This frequency histogram appears linear on the log-log plot, which is typical of a power law distribution. The distributions of the three distinct one-exponential generators used to create the distribution shown in panel A include a fast (blue), intermediate (green) and slow (red) exponential decay constant, in arbitrary units of duration. Panel C shows the overlap of panels A and B.

### KS approach: power law fitting of samples drawn from a combination of two exponential distributions

We conducted simulations to answer the following question: over what range of parameters might a two-exponential process be reasonably fit by a power law function? Thus, we generated sample data sets by varying the exponential decay constant (τ) and the relative proportion of two independent exponential generators. We also varied the total number of observations to determine the impact of sample size on model fitting; these values approximate a single night (40) or multiple nights (160, 320, 640) of stage transitions typical of standard human polysomnograms. In each simulation, the fast τ was fixed at 1 epoch, and the value of the second (slow) τ varied from 2 to 60 epochs (*y*-axis). Frequency-duration histograms of the simulated bouts were subjected to fitting by a power law model, which in this case of exponential data, is by definition “incorrect”. The relative proportion of the faster τ_{1} is given on the *x*-axis (and refers to the number of draws from the fast τ_{1} generator). Therefore the degenerate cases of a single exponential process are shown on either extreme of the *x*-axis (when the relative proportion of the fast τ_{1} events is either 0 or 1). The *z*-axis is the color-scaled probability that the KS routine failed to reject the wrong model, in this case, a power law model fit to the double exponential generated data. A value of zero (green) means the power law fitting was always rejected, while a value of 1 (red) means that the power law was never rejected. Thus, the *z*-axis is a measure of the extent to which the exponential distributions can mimic a power law.

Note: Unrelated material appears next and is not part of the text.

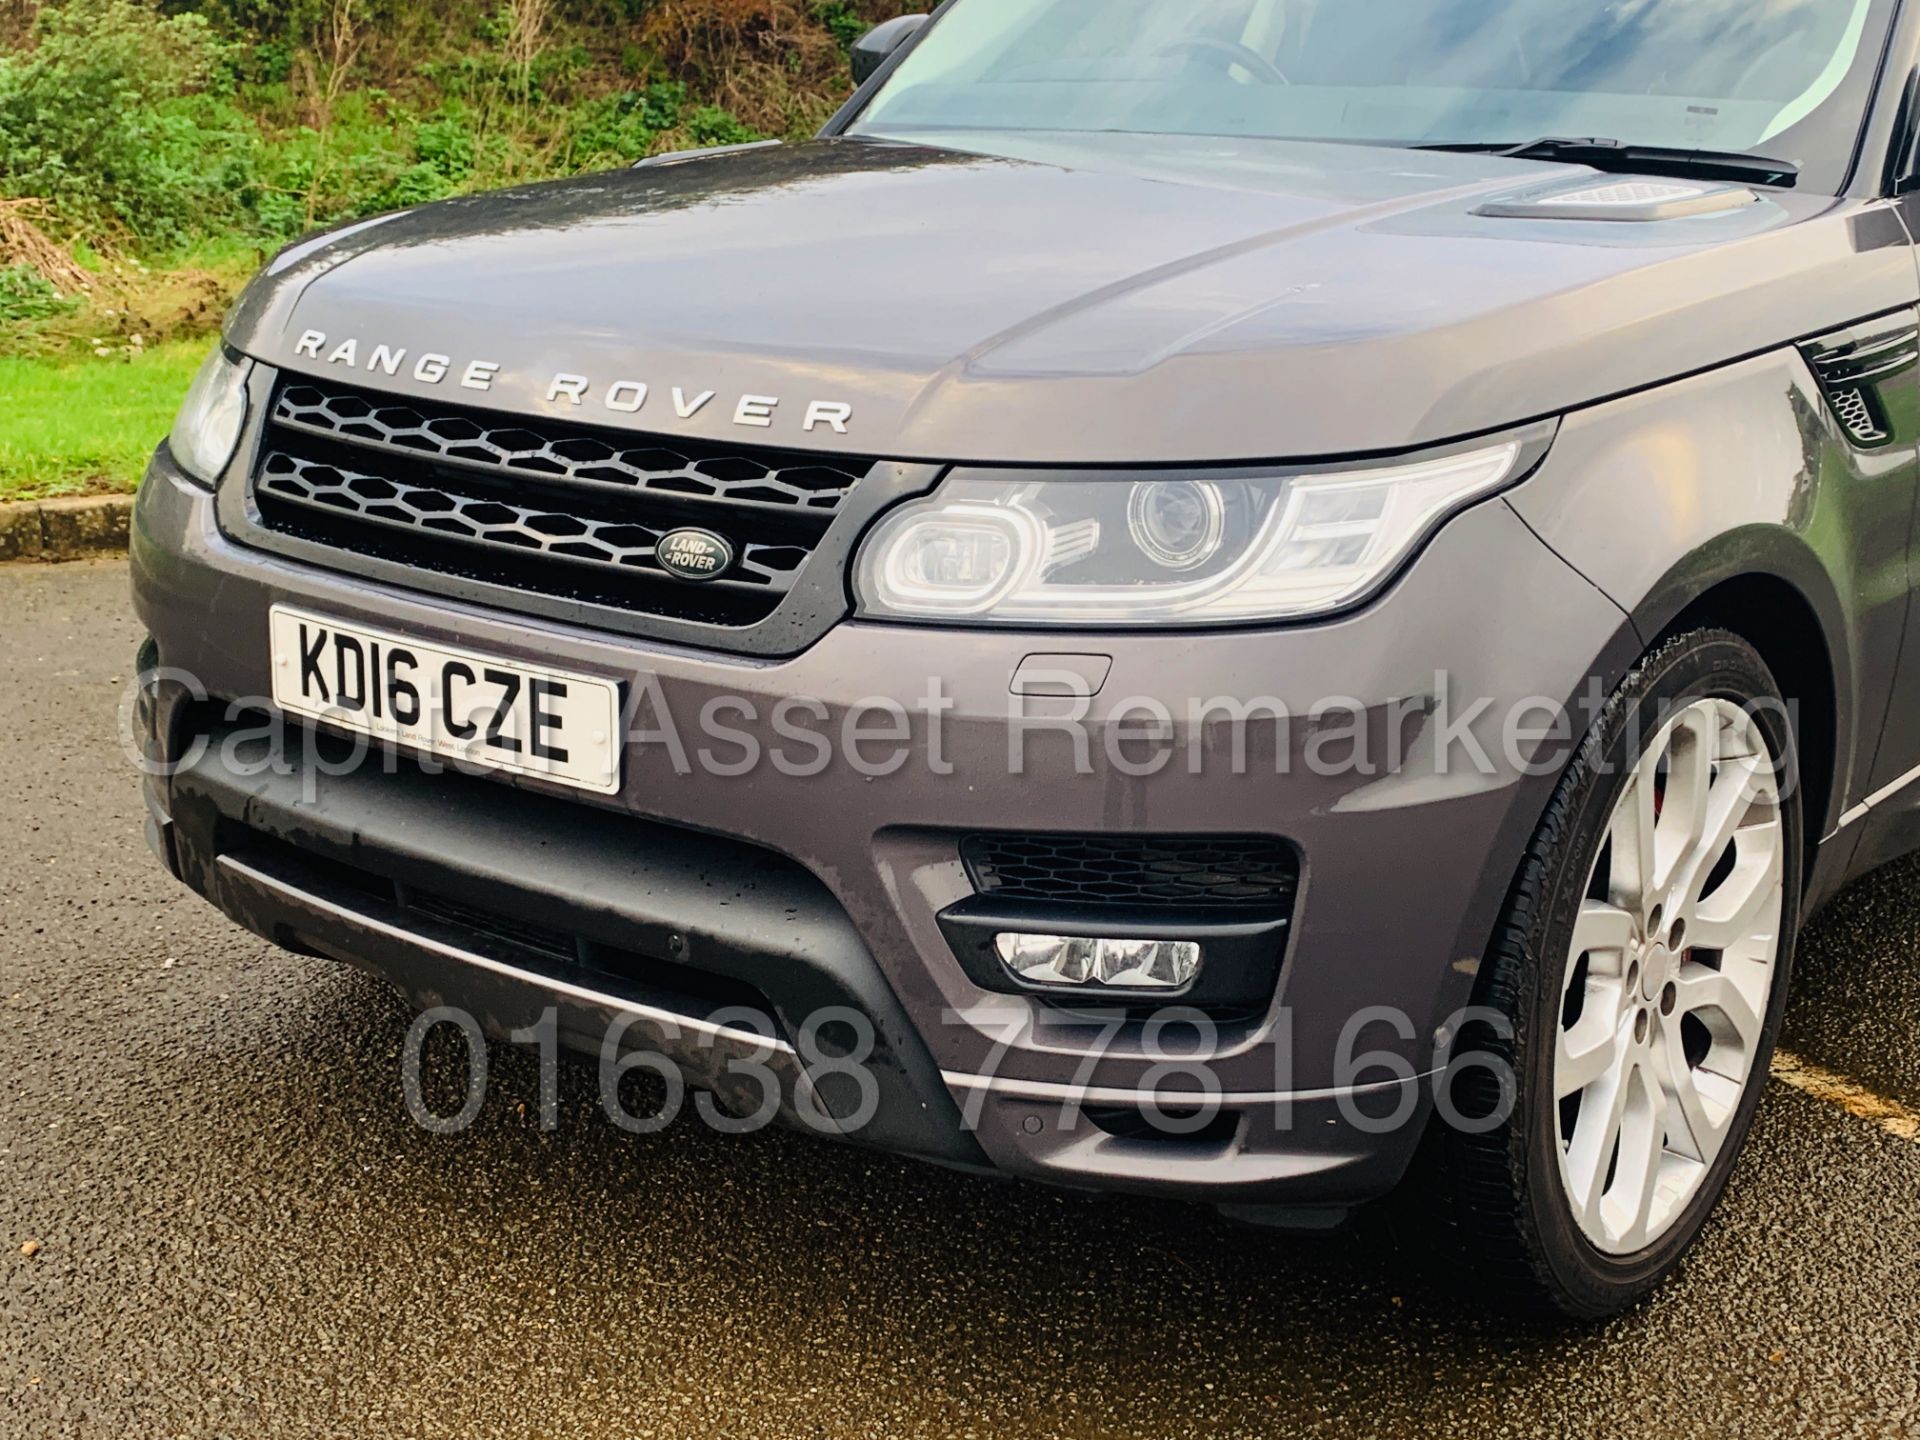 (ON SALE) RANGE ROVER SPORT 3.0 SDV6 *AUTOBIOGRAPHY DYNAMIC*AUTO *FULLY LOADED* MONSTER SPEC *16 REG - Image 14 of 70

For *n* = 40 observations (Figure 3A), as the contribution of the fast τ component increases, the probability that a power law model is not rejected increases, reaching a plateau near relative proportions of 0.6 to 0.9, followed by a sharp decline as the proportion approaches 1. This general pattern holds for a range of values of the slow τ_{2} when *n* = 40 (that is, the zone of mimicry is broad). However, when the number of observations is increased to 160 (Figure 3B), the main region in which KS fails to reject the power law model is limited to when τ_{2} is between ∼10–30 epochs. When the number of samples is increased to 320 (Figure 3C), a further decrease in mimicry is seen, and mimicry is negligible when n = 640 (Figure 3D). These results emphasize the importance of sample size when estimating model goodness-of-fit at these relatively small but clinically relevant sample sizes. Example distributions from the green (power law rejected) and red (power law not rejected) regions of the landscape are shown in Figure 4.

Panels A–D show the probability of failing to reject the incorrect power law model, for two-exponential data of increasing sample sizes (*n* = 40–640), In each panel, τ_{1} = 1 (the fast exponential), τ_{2} is varied (*y*-axis; the slower exponential), and the relative contribution of each exponential τ is given on the *x*-axis. The probability of rejecting the power law fit is color coded on the *z*-axis.

Frequency histogram examples of a single trial from the “green” zone of Figure 3B (left) and from the red zone (right). In the green zone, the power law is rejected, while in the red zone, the power law model is acceptable (fails to be rejected).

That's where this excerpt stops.